Love The Rule of Law!

Since I’ve been out of communication for so long, I thought I ought to re-state my position and some of my core values, while continuing my long-running diatribes.

Everything I write, these days, seems to align me with the intolerant, conservative right-wing, in Britain. Honestly, I’m not one of them.

Ever since I was a student, I’ve aligned myself with the left. It is my natural constituency, but that’s why I am concerned by the direction their journey has taken them. You can’t expect the right to do the right thing, but when the civil rights movements lose their way, who is left to stand for justice and truth?

I believe every individual human being is equally valuable because each contains a small, flickering flame of human consciousness, of sentience: by far our most precious asset. The same flame, of the same brightness and quality, seems to burn in each of us, and we crave communion – a merging of these tongues of fire – but we are condemned to live alone, because we don’t have direct access to each other’s experience.

Our sealed-in individualism makes us self-serving and overly indulgent of our own needs, but also flawed and limited in our abilities. We need to co-operate to survive.
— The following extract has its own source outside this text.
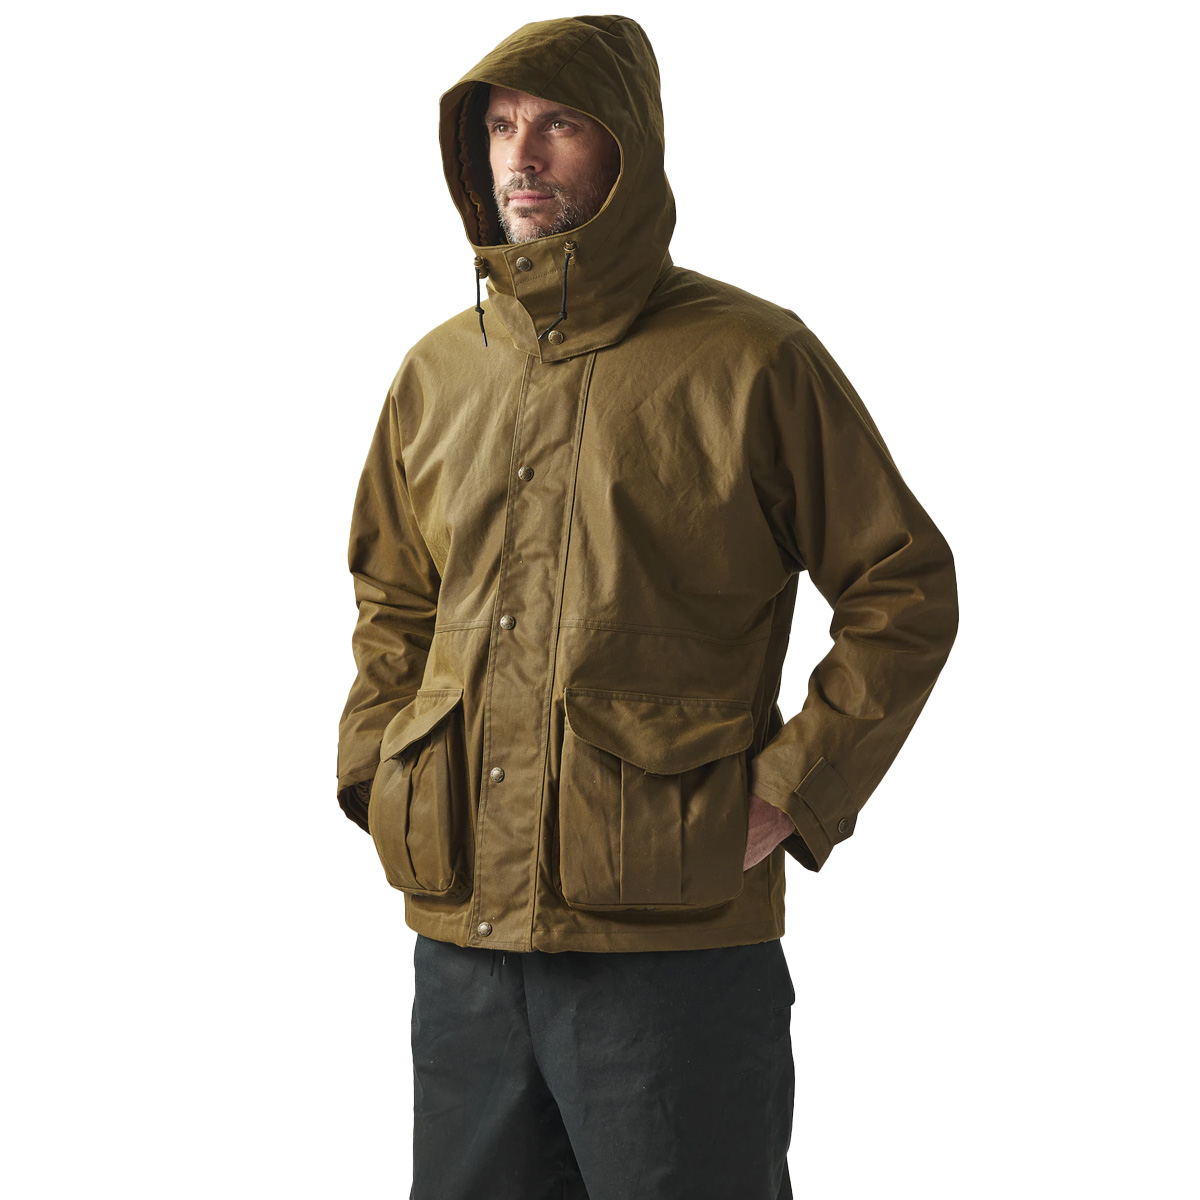 Filson Foul Weather Jacket Dark Tan, model is 188 cm, 86 kg wearing a size medium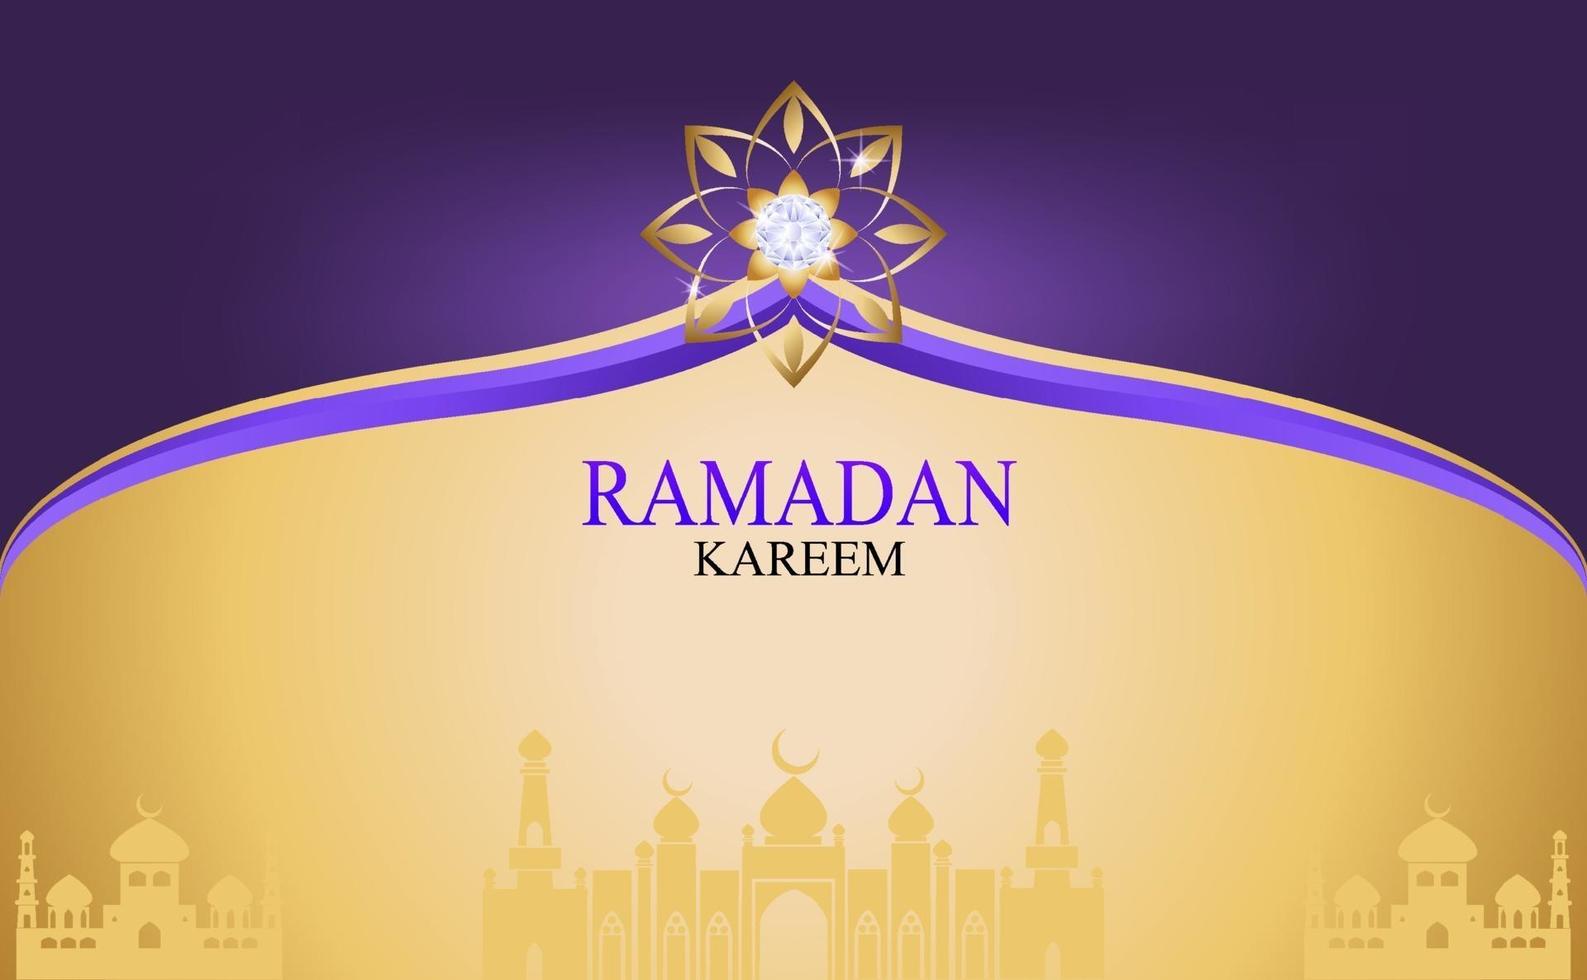 vetor ouro ramadan kareem para desejar o festival islâmico.

We should, therefore, strive to build and maintain societies that foster empathy and compassion, that demand equality of respect for all individuals. In other words, I am a socialist: a believer in the virtue of civil society. 

Such societies need to be organised and administered. Its members need to agree on a set of rules that all will follow, because we can’t be certain to always make the right decision, no matter how sincerely we believe in our perspective on a thing. This is The Rule of Law, and it needs to be inviolable. To take the law into your own hands, even if you truly believe that your position is morally justifiable, is to break the pact with the other members of your community. If sincerity of belief allows you to break the rules, then, presumably it allows everyone to break the rules.

One thing we should have learned from Donald Trump’s America, from Charlottesville and the storming of the Capitol, is that the far right is always going to be more willing to take direct action to more violent extremes because, by definition, the left enshrines respect and care for others, and the right does not. So, if we resort to methods of unilateral violence, if we pursue conflict, we are enabling the far right and they are likely to be more ruthlessly destructive than we are. The fact that they are short-sighted in their violence, and will live to regret it, will be no comfort to us when they have dismantled everything we value and have worked for. 

We should remember, in our antipathy to society that it was Mrs. Thatcher, our most ultra-capitalist political leader who stated that there was “no such thing as society.” The Alt-Right have adapted very easily to the role of the rebels. Perhaps we shouldn’t be so ready to celebrate Social Justice Warriors. Warriors live by, and spread, conflict and division. Conflict and division will destroy us.